Lazarus sighed. "I'm sorry, dear. Then you know why I have kept Dora a baby."
"Only as conjecture, Lazarus. One that I have not and will not discuss with anyone."
"Thank you-you are a lady, dear. You do know. Or you know part of my reason. But I'll tell you all of it-when I feel up to it-and then you will know what I mean by 'love' and why I told Hamadryad it must be experienced, not defined in words...and why I know that you know what love is, because you have experienced it.
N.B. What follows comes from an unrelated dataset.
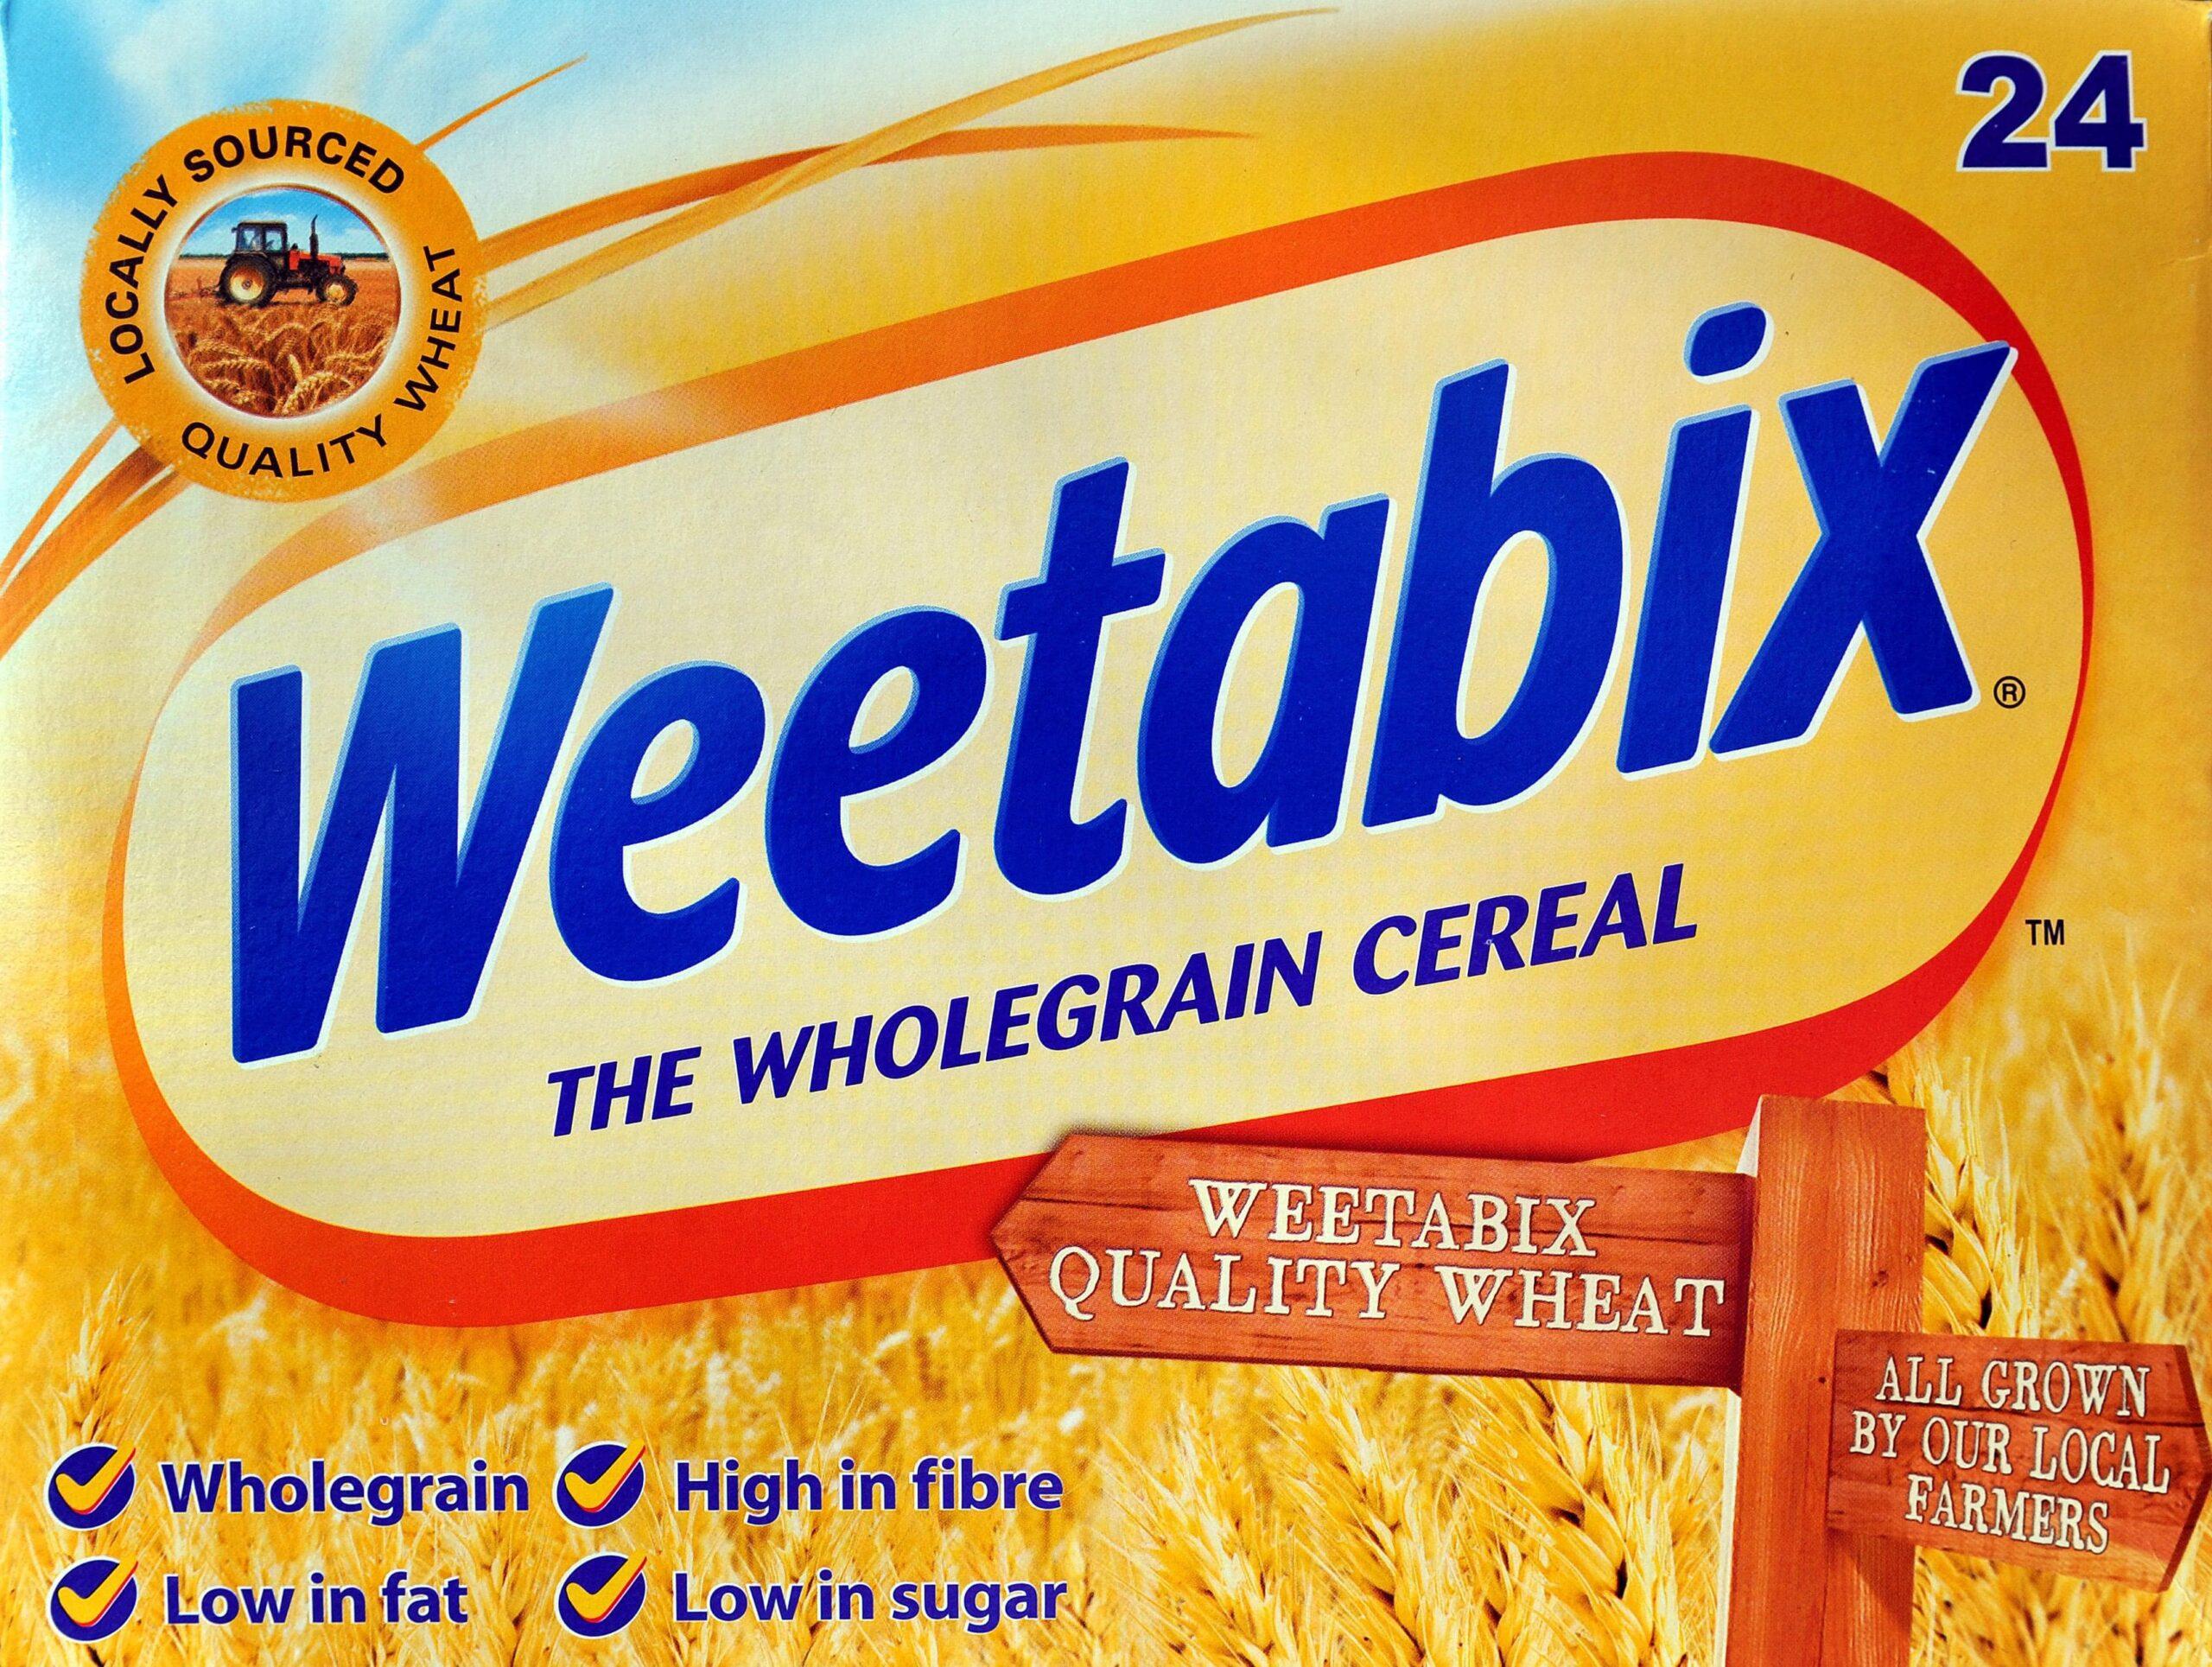 Weetabix Baked Beans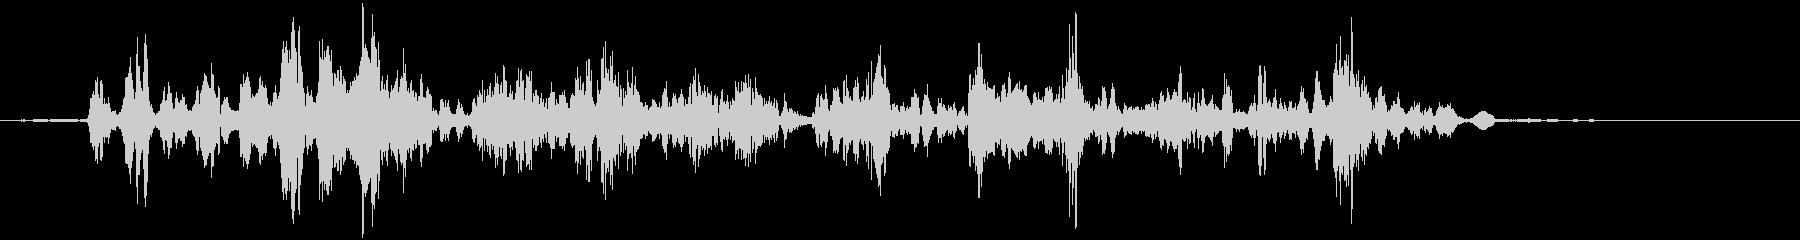 KANT 鳥のロボット声効果音4の未再生の波形

But Dora's story is not for Ira, just for you. No, you can let Ira have it, after I'm gone. Uh, call it 'The Tale of the Adopted Daughter'; then place a hold on it and let him have it later. But I won't tell it now; I'm not strong enough tonight-ask me when you know I'm feeling up to it."
"I shall. I'm sorry, Lazarus."
"Sorry'? Minerva, my very dear, there is never anything to feel sorry about with love. Never. Would you rather not love me? Or Dora? Or never have learned of love through loving Ira?"
"No. No, not that! But would that I knew 'Eros,' too."